Huang Nubo: I’m getting published by Gallimard

NRK‘s recent interview with poet-tycoon Huang Nubo soon drifted, fittingly, into the realm of poetry. He is, after all, “first of all a poet” who became a businessman just “to survive”. (Before becoming a businessman, he survived as an editor for an Association of Mayors – at the time when he published his first poetry collection – and, before that, as an official at the Propaganda Department.)

“Do you know the French publishing house Gallimard?” he asked his interviewer. “They are one of the top publishers in the world.
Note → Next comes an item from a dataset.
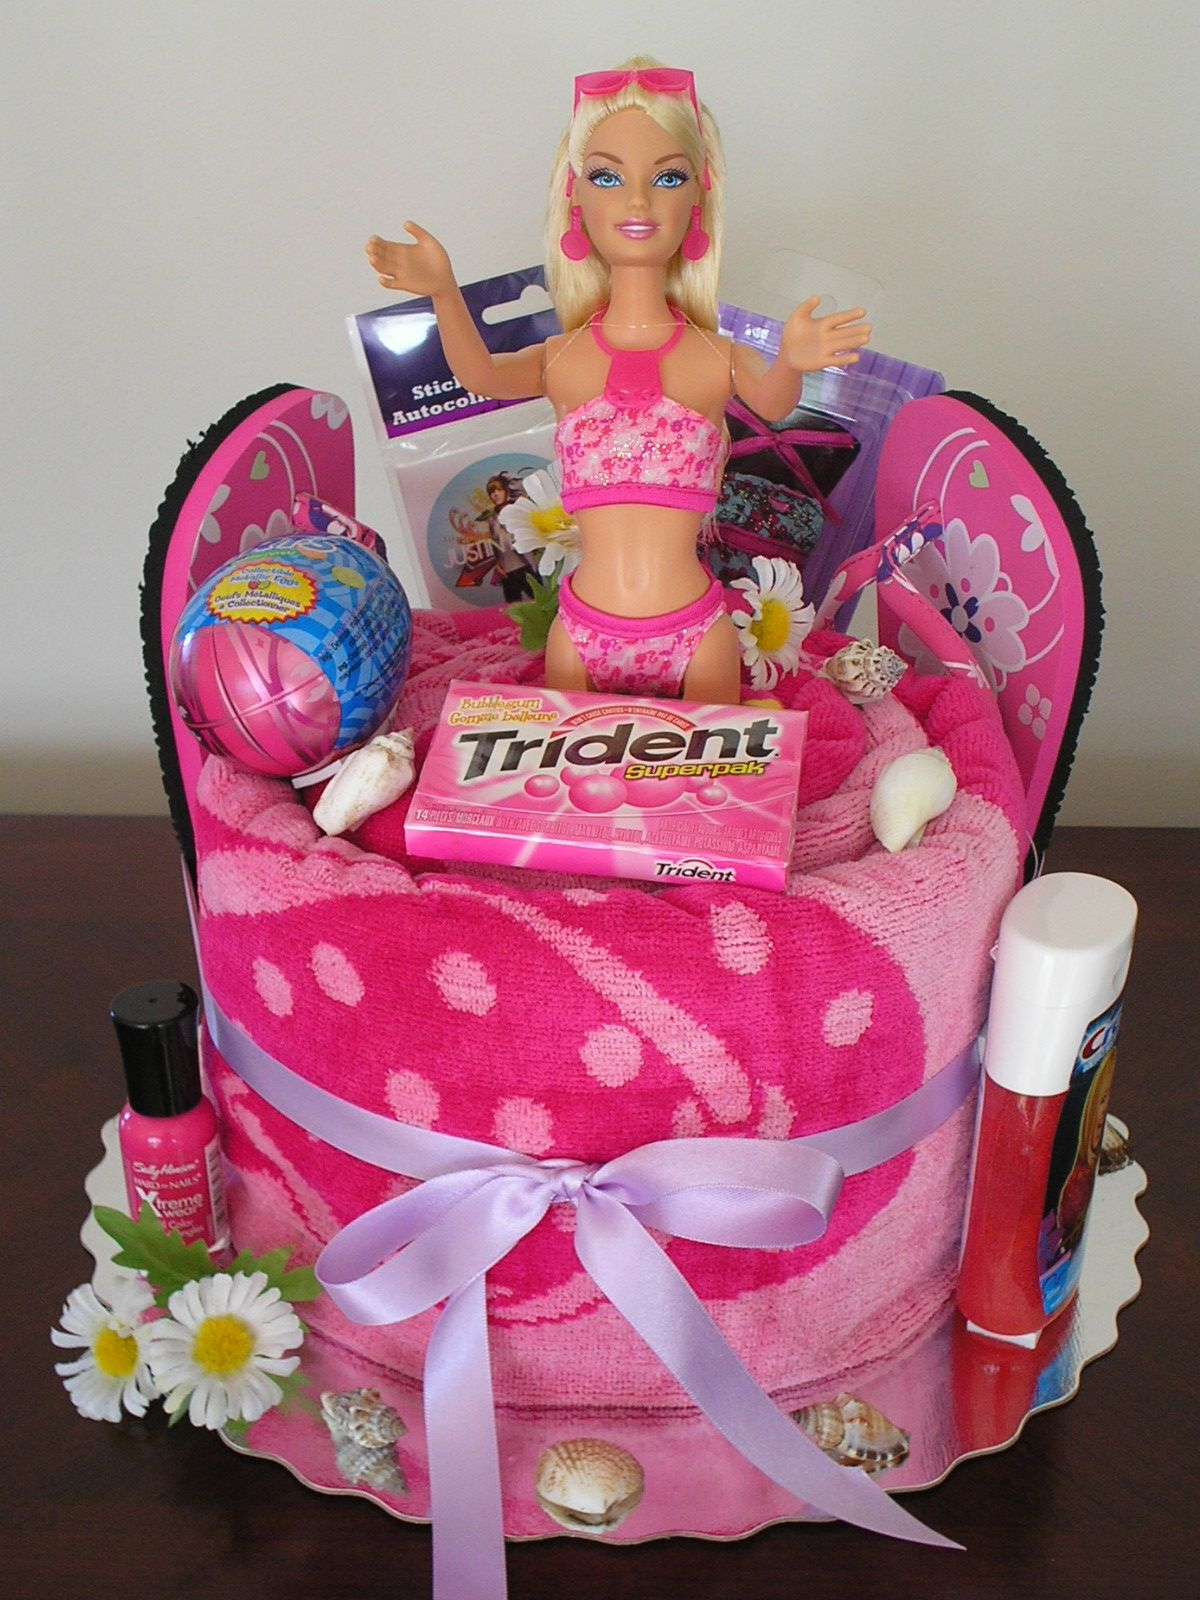 Happy Birthday Barbie Towel Cake Creative T Idea This

In the last hundred years, they have never published poetry by Asian poets [this is almost true], but this year they are going to publish a poetry collection by me.”

In other, possibly unrelated news, André Velter, since 1999 the director of Gallimard’s poetry series, was with Huang earlier this month in the latest edition of a Chinese-French poetry festival, organised among others by Huang’s company Zhongkun 中坤 in Beijing. It’s quite a coincidence for Huang to announce that his poetry will appear in a collection directed by Velter, just after he’s praised the Norwegian government for refraining from meeting the Dalai Lama. Had the Norwegians ignored China’s warnings and met the guy, he had implied, his investment plans in the country might not be able to proceed. Velter, a poet, and his partner Marie-José Lamothe, a photographer and tibetologist, have often written about Tibetan issues, and he hasn’t been particularly enthusiastic about Chinese rule in the region, which he describes as “a brutal occupation“.

That Huang is a poet is mentioned pretty much everywhere he’s talked about, but this blog actually quotes his poetry from time to time.